There are 36 possible combinations when you roll two dice. How many of these add up to 7? (6+1, 5+2, 4+3, 3+4, 2+5, 1+6) --> 6. So there is a 1/6 chance that you will win.

Let $X$ be the random variable that denotes the amount you win. With probability 1/6, you win 21 and with probability 5/6 you win 0. So your expected winnings are $21 \times 1/6 + 0 \times 5/6 = 21/6$. However, you also have to pay 5 to play (regardless of outcome), so your net expected winnings are $21/6 - 5 < 0$. Since the net winnings are expected to be negative, I would not play the game!

Let's say the probability of a winning combination was $p$. The net expected winnings would be $21p - 5$ based on the above calculations. For this to positive, you must have $p > 5/21$. So only play the game if the winning combinations have a probability > 5/21 (close to 1/4, though I am not sure how you concluded that it should be exactly 1/4).

Answer 4

Your first approach is correct, at least approximately. (If you won £20 on a 7, then you'd need to roll 7's at a rate of $\frac14$ to break even. Since you win £21, you can afford a slightly lower rate, though not as low as $\frac16$.)
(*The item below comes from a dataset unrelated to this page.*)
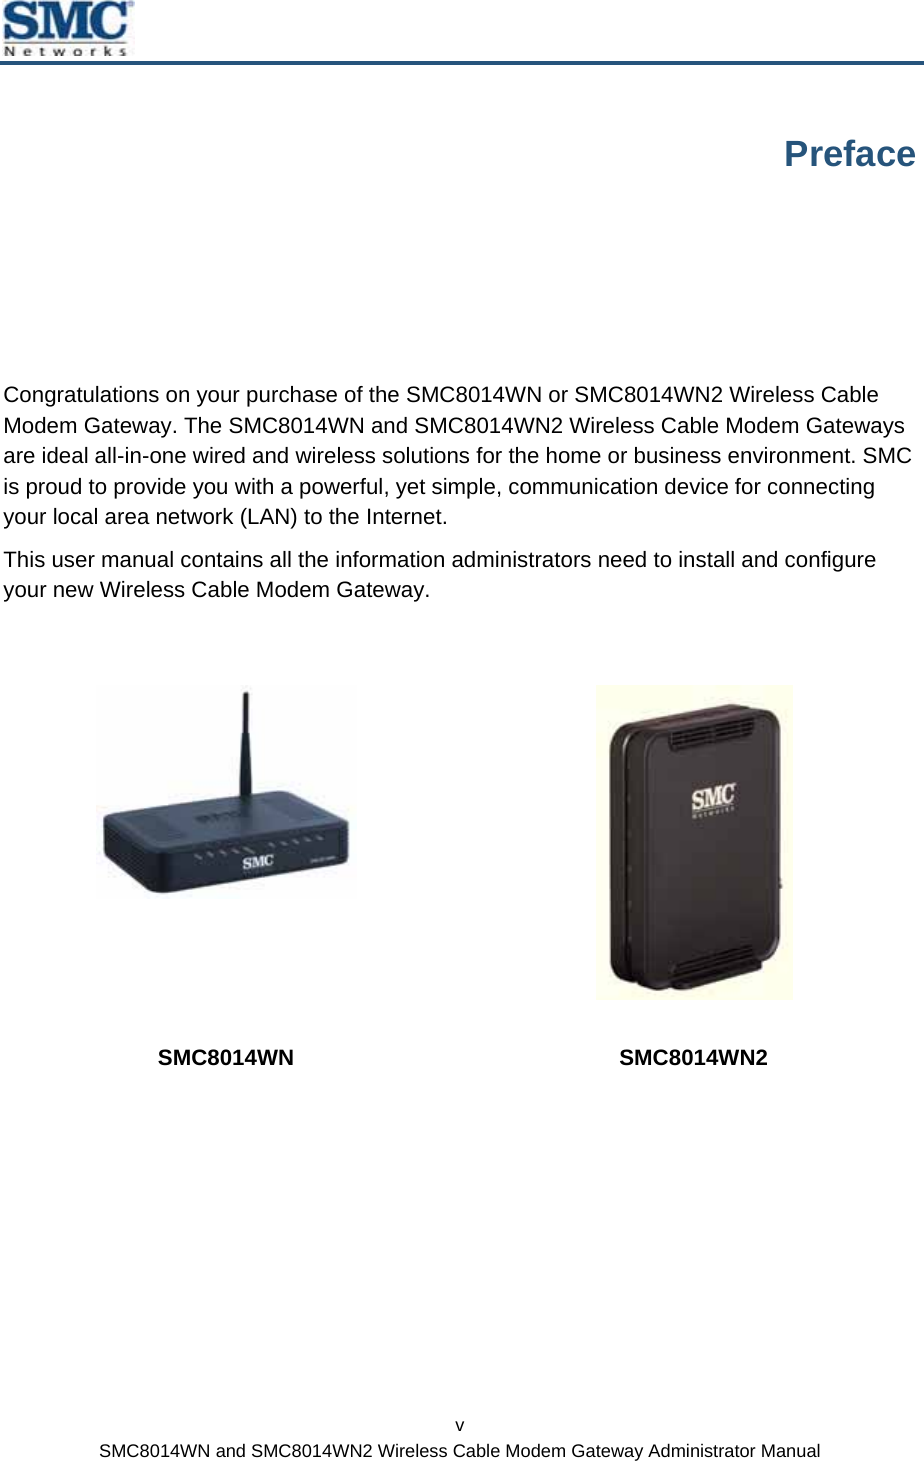  v SMC8014WN and SMC8014WN2 Wireless Cable Modem Gateway Administrator Manual Preface Congratulations on your purchase of the SMC8014WN or SMC8014WN2 Wireless Cable Modem Gateway. The SMC8014WN and SMC8014WN2 Wireless Cable Modem Gateways are ideal all-in-one wired and wireless solutions for the home or business environment. SMC is proud to provide you with a powerful, yet simple, communication device for connecting your local area network (LAN) to the Internet. This user manual contains all the information administrators need to install and configure your new Wireless Cable Modem Gateway.    SMC8014WN SMC8014WN2

Your second approach is wrong. It's true that more than half the time, you win at least once over a sequence of four throws. However, all that tells you is: more than half the time, you don't lose money. This doesn't mean that you break even on average! In fact, it tells you that:

• Approximately $48\%$ of the time, you roll no 7's, and so you lose £20 over the course of four throws.
• Approximately $52\%$ of the time, you roll at least one 7, and you make a net profit of at least £1. Most of the time, this will be exactly £1.

This doesn't look as good anymore. In general, just because a random variable is positive more than half the time, doesn't mean its expected value is positive.